We first tell R what groups we are interested in summarizing
(using group_by()
, and then how we want it
summarized (summarize()
).
For example, if we wanted the mean hypocotyl length of each species, then:
tomato %>%
group_by(species) %>% #want to compute something for each species
summarize(hyp.mean=mean(hyp)) #hyp.mean is what the new summary will be called
If we want to also have a summary column that tells us the number of
measurements in each group we can use n()
tomato %>%
group_by(species) %>%
summarize(hyp.mean=mean(hyp),
n=n())
tomato %>%
group_by(species,trt) %>%
summarize(hyp.mean=mean(hyp),
n=n())
Also we can create even more summary columns, and, of course, the results can be stored in a new object
hyp.summary <- tomato %>%
group_by(species,trt) %>%
summarize(hyp.mean=mean(hyp),
hyp.sd=sd(hyp),
n=n())
hyp.summary
We can take advantage of the fact that TRUE is equivalent to 1 and FALSE to 0 to quickly count the number if items that meet some criteria. If we want to know the number of hypocotyl measurements greater than 30mm for each species:
tomato %>%
group_by(species) %>%
summarize(`Total hyp measurements`=n(),
`Hyp measurements > 30`=sum(hyp>30))
Your turn…
Calculate the median altitude of each species, then pipe the results into arrange to sort by altitude. Which species comes from the highest altitude?
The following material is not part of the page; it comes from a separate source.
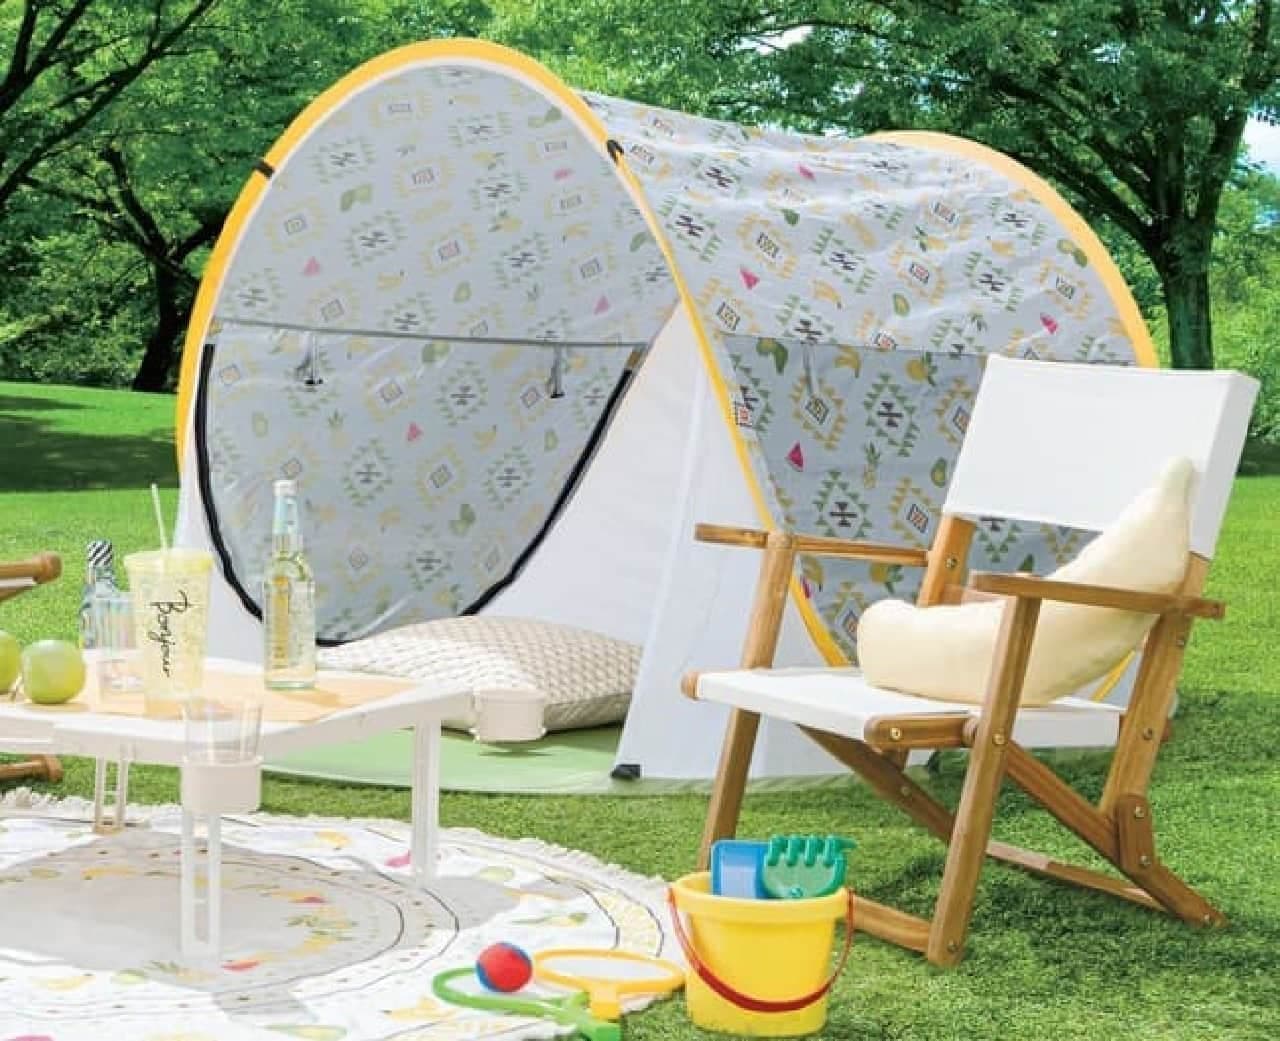 New popular butterfly chairs, fruit-patterned sunshades, leisure tables, etc.

Who worked harder in this experiment? Calculate the number of measurements made by each researcher for each species.
The column leafnum
gives information on the leaf that
was measured (leaf 1 is the oldest and is at the bottom of the plant).
For each species and treatment combination, calculate the percentage of
leaf measurements that come from leaf 6. _Self check: S. Chilense H
should be 31.37255`
Use slice()
to slice up your data
The slice()
set of functions allows you to subset your
data by ranked position. There are several related functions, here we
will just work with slice_min()
and
slice_max()
.
slice_min()
will order the rows by the column that you
specify and keep the rows with the n
smallest values.
tomato %>%
slice_min(order_by = hyp,
n=5)
You can also combine with group_by()
to return
n
rows per group.
Your turn: use group_by()
and slice_max()
to return the row with the longest hypocotyl for each species and trt
combination. Combine this with another command that you learned earlier
in this tutorial to only keep the columns “species”, “acs”, “trt” and
“hyp”
The result should be a table of 10 rows and for columns. The first
row should be S. chilense LA1958 H 65.32
End
Congratulations, you have reached the end of this tutorial.